When North American firms, Texaco and Standard Oil California, today known as Chevron, first arrived as part of the exploration effort, they brought with them their favored public relations firm: Hill&Knowlton.
Richard “Dick” Darrow, the same man who handled Hill&Knowlton’s US tobacco and oil industry accounts, would represent them on the ground in Australia. In March 1954, the firm outlined a marketing strategy to help improve the industry’s image that planned to use “school kits” developed by Standard Oil California, court universities, and encourage “community cooperation” programs.
These efforts continued on a company-by-company basis up through the decades until the early 1990s when the Australian Institute of Petroleum and Australian Petroleum Exploration Association, today known as Australian Energy Producers, partnered in a coordinated program targeting Australian schools.
The aim of this program was to “improve the public perception of the industry and the way in which it is portrayed within the education system” and the details were laid out in a 1994 paper presented at the national industry conference.
“By assisting the wider understanding of petroleum matters, the industry will enhance its own viability and ultimately its long-term survival,” it said. “An involvement in education can create familiarity and reach the people who have a stake in the industry’s future. Contributions to education identify a company as a good corporate citizen.”
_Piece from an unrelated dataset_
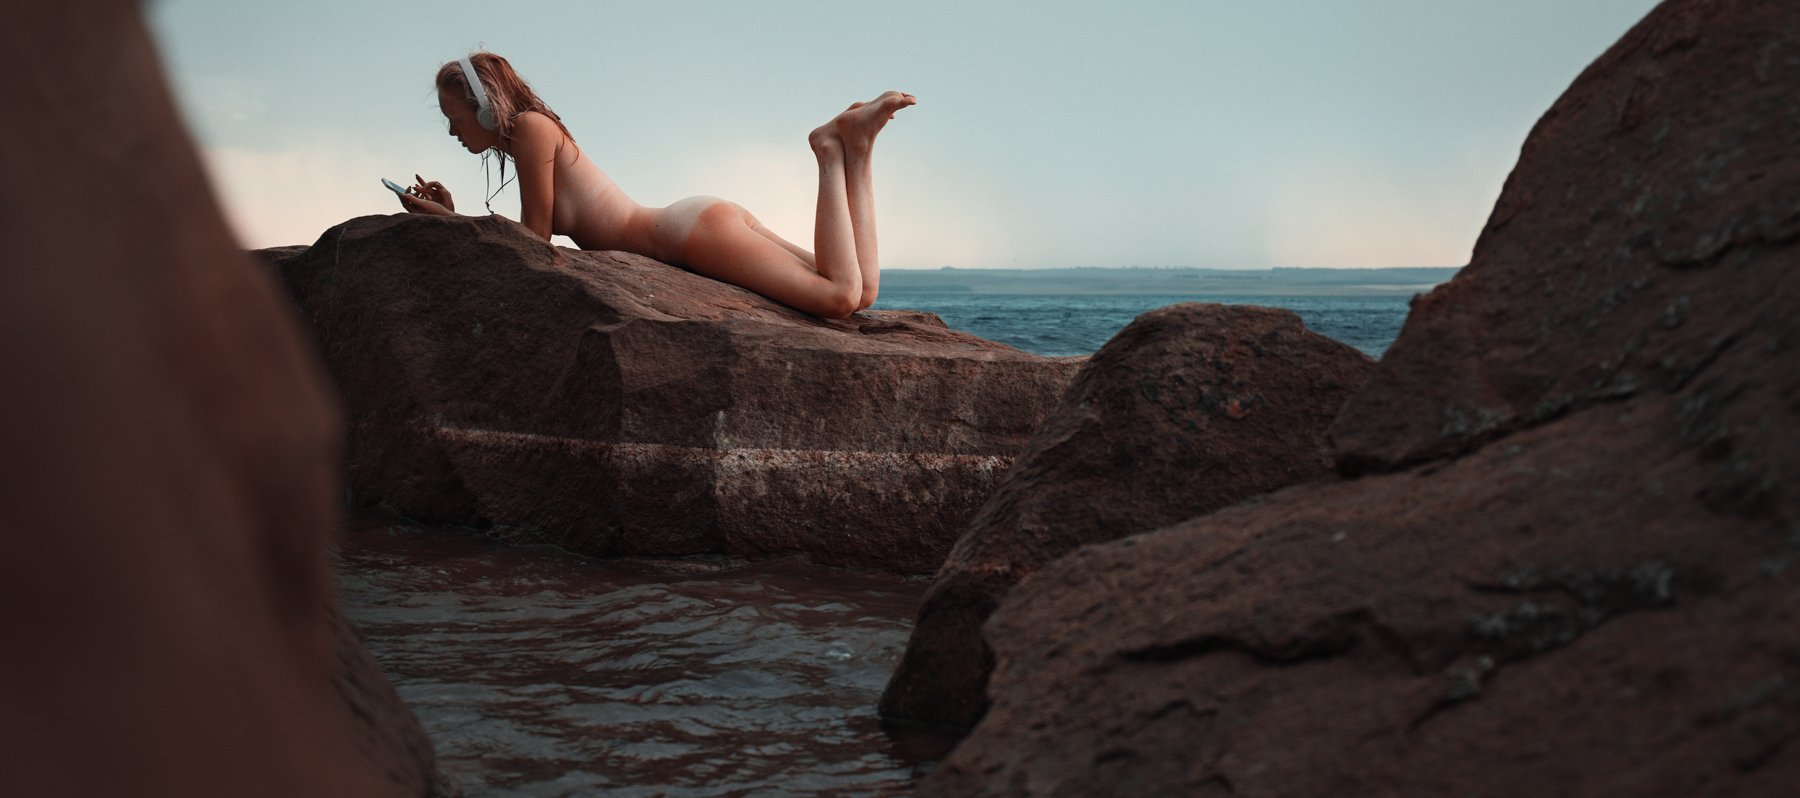 girl, nude, lake, naked, summer, water, rock, rocks, music, silence, phone, aslikul, Роман Филиппов
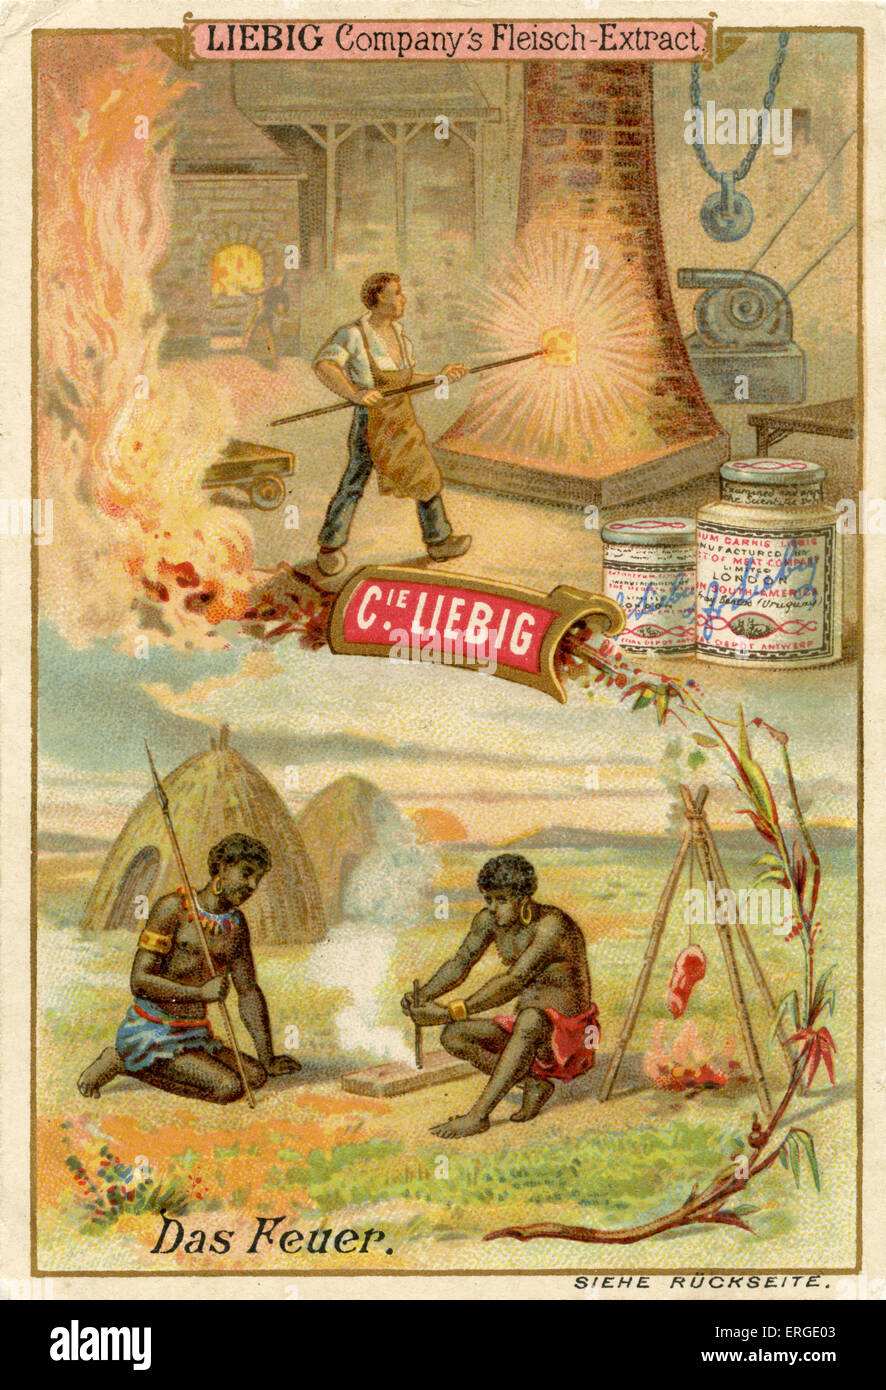 Fire ('Dcome Feuer') - Società di Liebig carte collezionabili, risorse naturali serie. Pubblicato nel 1892. Foto Stock

An image of future Australia prime minister Tony Abbott at the launch of “The Big Book of Oil and Gas” produced by the oil industry at a Canberra High School in May/June 1997.
The advent of the internet dealt that program a blow, but variations have continued on since, with fossil fuel sponsorship of kids swimming programs, anthropomorphized coal mascots and sports clubs.
Associate Professor Eve Mayes from Deakin University who studies the sponsorship practices, teaching programs and production of school materials by fossil fuel companies, particularly where they talk about climate change, said there were “many questions” about the extent of corporate influence on young people in Australia. She said there had been a withdrawal of public funding for educational institutions that has often left them vulnerable to overtures from large corporate sponsors or philanthropic organizations where there is no clarity about who is provided the money, or a particular view about how it should be spent.
“I think it’s quite insidious, it’s an attempt to creep into settings where children and young people are learning and shape how they perceive companies that continue to produce fossil fuels,” Mayes said.
Of particular concern, Mayes said, was the power dynamic that is created when it comes to private philanthropy or corporate sponsorship as often the institution that is receiving the gift can feel obligated or loyal to the donor, and so becomes reluctant to criticize them.
“The big question in all this is who benefits? Who benefits from fossil fuel companies providing these resources, financially or otherwise in settings where children and young people play and learn?” she said. “And, is it in the best interests of children and young people to be supported through the resources of an industry with a commercial interest? Especially as young people will inherit this world.”